The Pusher could never count on one employee’s abilities to compensate for another’s lack of ability in any job phase. In other words, everyone was expected to perform as lead carpenters on the job. With proper coaching and experience, everyone could take on anyone else’s responsibilities without stumbling. A Pusher always has his eyes open for his replacement, someone he could coach and mold into a Pusher in six months or a year. I noticed that some of the best and largest framing crews in any state got to that point by developing crews along those exact lines. They were all comprised of laborers who saw the words “Start Over Again Now” on the banner over every finish line they ever crossed.

Safety First

Regardless of the speed that a competent Pusher established, I soon learned that, out of necessity, safety always came first. The hierarchy I learned early was: safety first, quality second, productivity third. To a Pusher, the real-deal cost of a construction accident always involved the irreplaceable loss of a critical crew member, an ensuing delay in the schedule and an almost insurmountable uninsured cost overrun to recoup on this and the next three jobs. Compromising the established standard of quality on any project for the sake of either safety or productivity was also a deal-breaker, as valuable time and material was inevitably lost during punch listing to repair or replace damaged or defective work. Pushers are the ultimate realists. They do not imagine what they cannot do and always visualize their quality work completed. The pride in accomplishing what most others could not was coin of the realm on most jobsites. The drugs of choice were caffeine and adrenaline, with a smattering of nicotine. The juice created by this admixture was brutal, but it was ultimately effective when conditions and schedules grew intolerable for the average worker. The offsetting dilemma for any Pusher was that when an accident rarely occurred it was often serious or fatal. As I was once told, ironworkers who live to tell about it aren’t the ones who fall. I have seen my share of near-miss fatalities, and it’s downright hair-raising when you can smell the Reaper’s breath. Many times after a prolonged recovery, the severe accident victim prematurely ages, becoming no longer capable of keeping up with the mental and physical pace on the crew. His heart may be in it but his nerves are arced out somewhere down circuit. Like a professional athlete, a construction worker injured beyond repair knows it and often retires rather than suffer the alternative. It’s a tough loss for the entire crew, and so it falls upon the Pusher to always hold the safety line taut between risk and reward.

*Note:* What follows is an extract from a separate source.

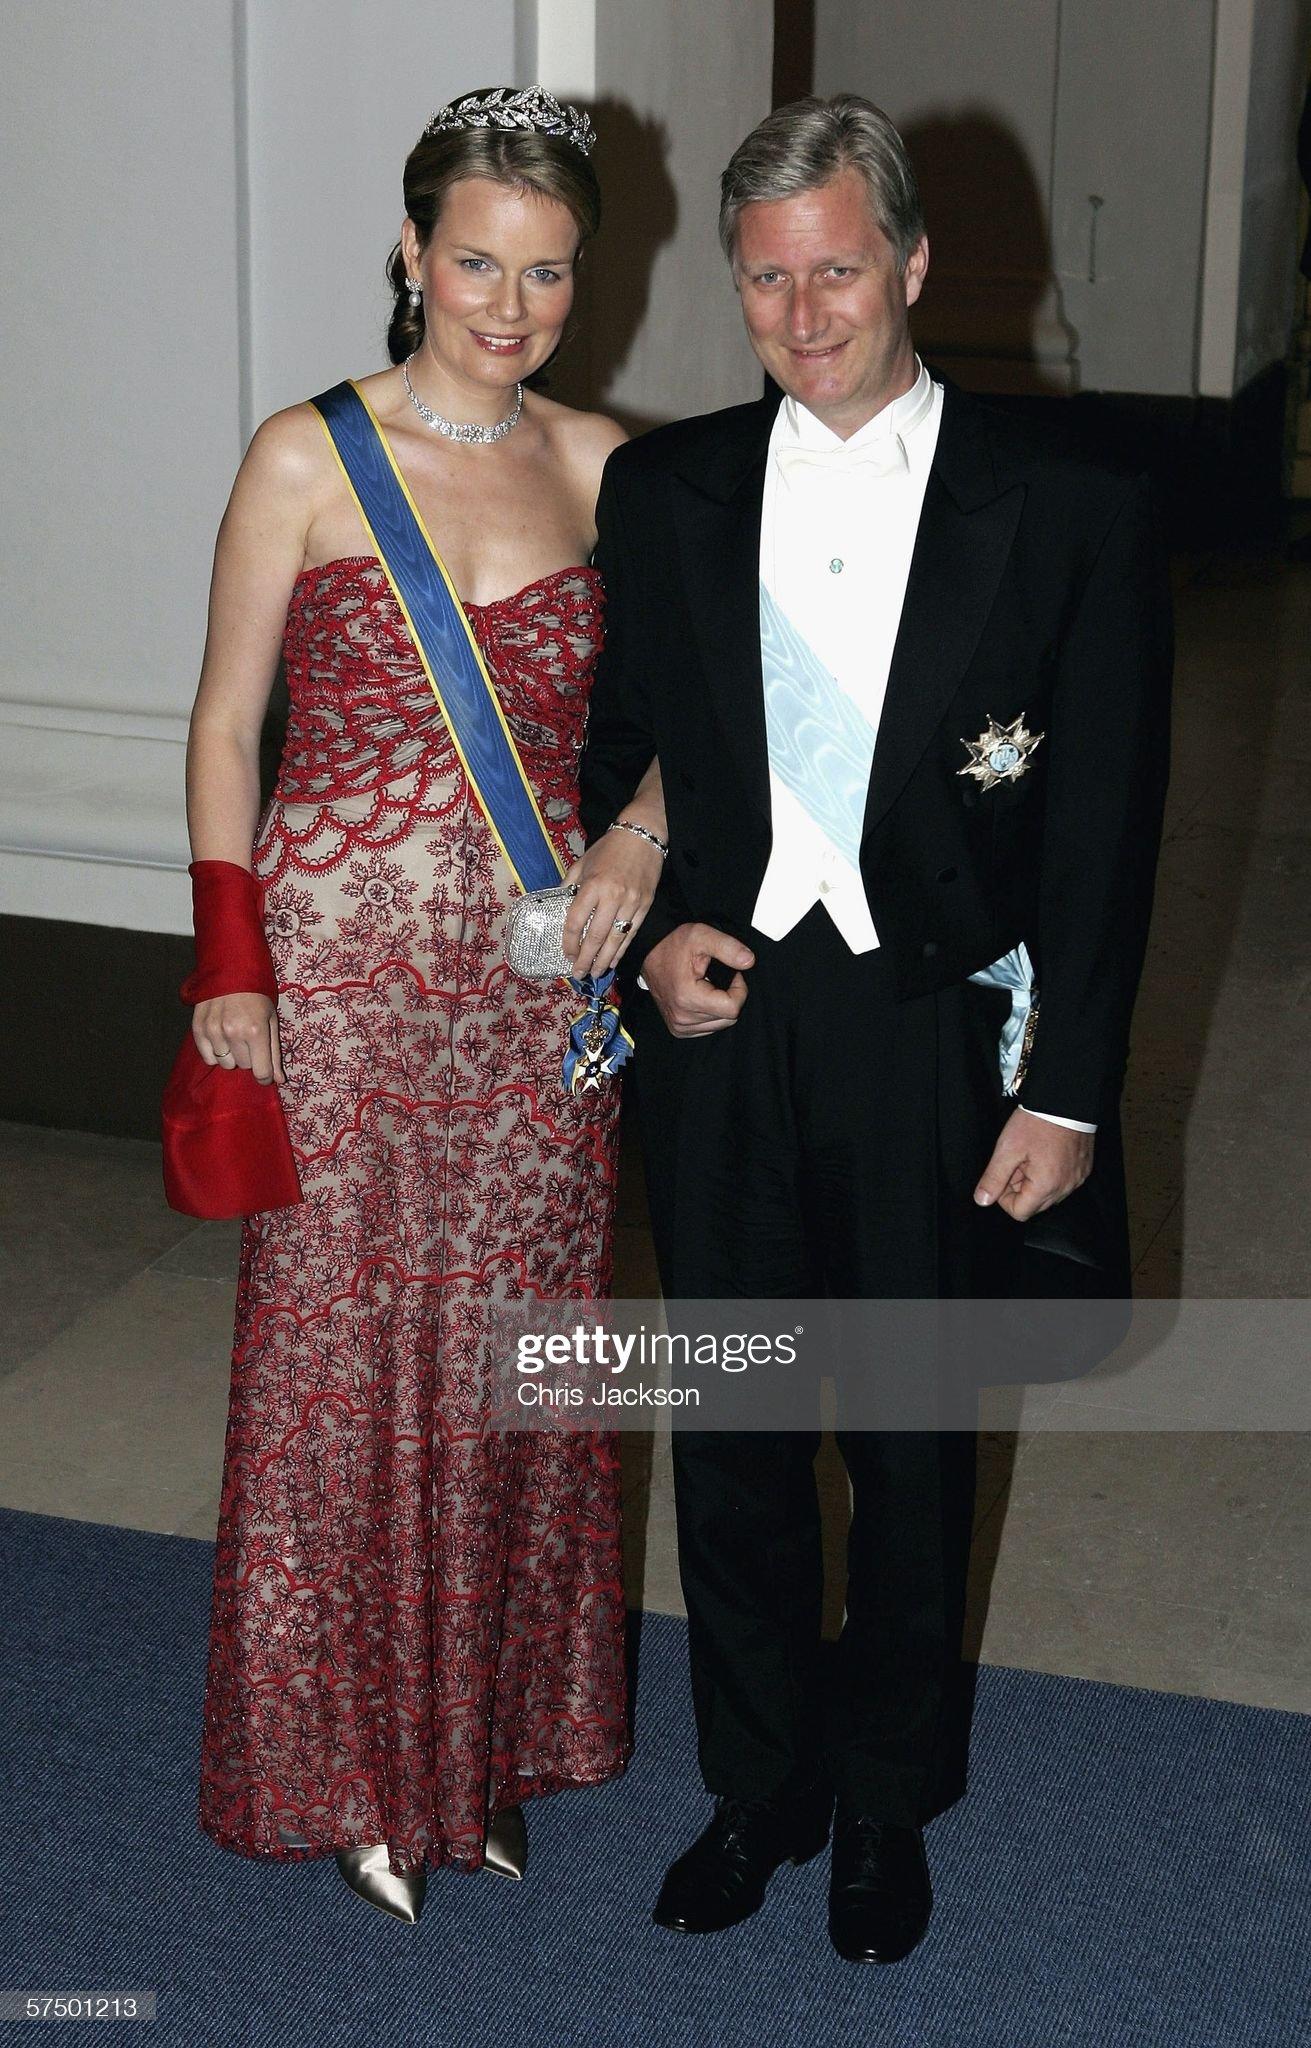 Вечерние наряды Королевы Матильды King Carl Gustaf Of Sweden Celebrates His 60th Birthday : News Photo

Late in life I’ve grown into the field of construction safety. Within the past two decades and I have seen my new opportunities become firmly anchored in my past experience as a Pusher. I know exactly how the job gets done. Now I have an overriding responsibility to show Pushers how to get it done with zero accidents. It’s never easy, but you don’t have to explain “difficult” to a Pusher. That’s the ace they already hold. My new challenge is to show them how pride in workmanship can be transformed into pride in safe workmanship. I can look each of them in the eye and see myself looking back. I cannot lie to them or sugarcoat the learning curve involved in any new process. A Pusher wants exactly what he needs and nothing more. What I can offer them is just what they need: a standard toolbox of war-zone tested procedures to beat the clock and bust the bank without a single lost-work-time injury. As one Pusher used to tell me, “You get new feathers every day, so don’t worry if you lose a few today.” I think it’s even better if not a single one gets plucked. As I now tell my crews, “None of us actually get out of this world alive, but it’s not OK to die at work, so act accordingly.”